“Bank Digital saat ini memiliki dua fokus utama model bisnis. Pertama, Bank Digital dengan model bisnis stand alone, yakni bank digital yang beroperasi dengan ekosistem terbatas atau tanpa dukungan ekosistem sebagai saluran distribusi.
Kedua, Bank Digital yang bersinergi dengan Lembaga Jasa Keuangan (LJK) atau BigTech dalam suatu ekosistem, dengan model kemitraan untuk memperluas basis nasabah, serta target jangka panjang berupa kemandirian fungsi intermediasi melalui internalisasi bisnis secara langsung guna mengurangi ketergantungan pada mitra,” jelas Dian.
Lebih lanjut, dalam rangka menjaga stabilitas sistem perbankan, OJK akan terus meningkatkan pengawasan individual terhadap bank, khususnya bank digital, yang dilakukan jauh melampaui indikator rasio keuangan semata.
Pengawasan tersebut mencakup keyakinan atas kelancaran layanan perbankan digital (seamless banking operation) sesuai dengan model bisnis masing-masing, independensi dan profesionalisme pengurus bank,
perilaku hubungan antara bank dan nasabah, optimalisasi pemanfaatan media massa dan media sosial dalam kerangka banking on media, serta ketahanan dan keamanan digital terhadap risiko serangan siber (digital resilience).
Pengawasan tersebut meliputi:
1. Keamanan siber, untuk memastikan sistem perbankan terlindungi dari ancaman siber yang semakin kompleks.
2. Manajemen risiko pihak ketiga, mengingat ketergantungan bank digital terhadap penyedia jasa teknologi seperti cloud dan payment gateway, sehingga diperlukan pengawasan ketat terhadap risiko integrasi ekosistem.

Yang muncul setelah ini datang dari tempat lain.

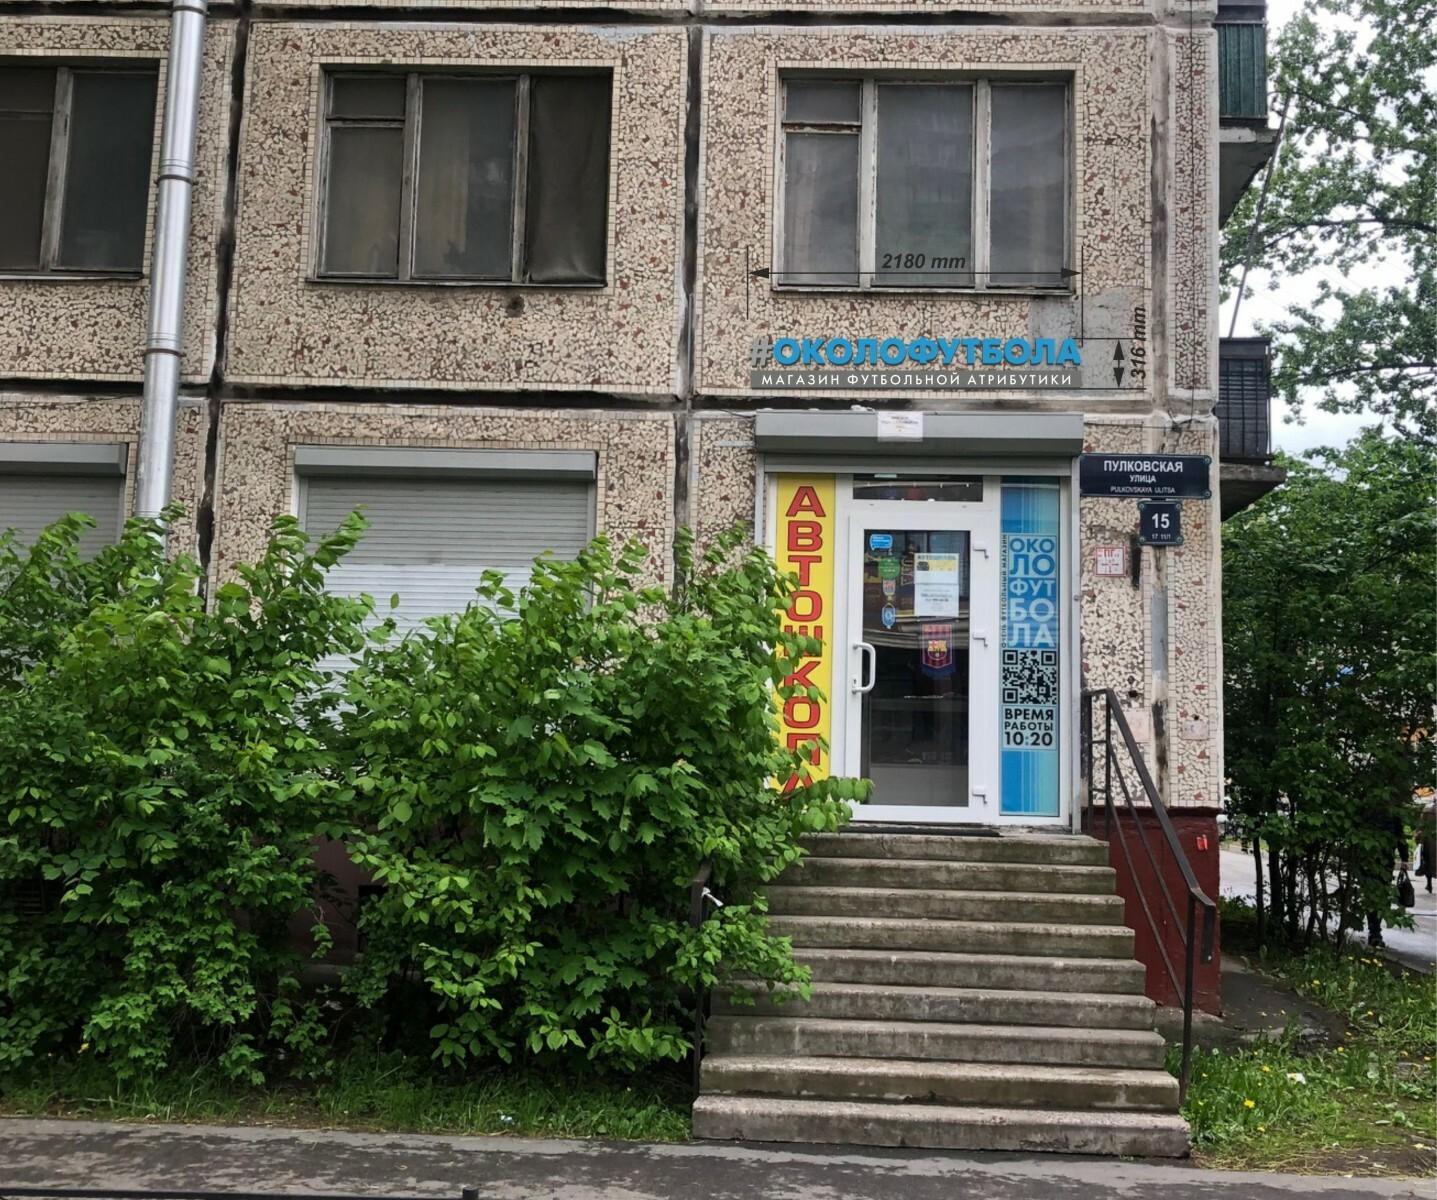 Магазин для настоящих болельщиков обрел вывеску и открылся на Пулковской улице.

3. Pelindungan data nasabah, guna menjamin kerahasiaan data pribadi di tengah tingginya frekuensi transaksi digital.
Melalui pengalihan pengawasan ini, OJK berharap dapat menciptakan standar pengawasan yang setara (level playing field) sekaligus tetap memberikan ruang bagi inovasi, baik bagi bank yang bertransformasi penuh menjadi bank digital (full digital) maupun bank yang tengah beralih menuju layanan digital.(*)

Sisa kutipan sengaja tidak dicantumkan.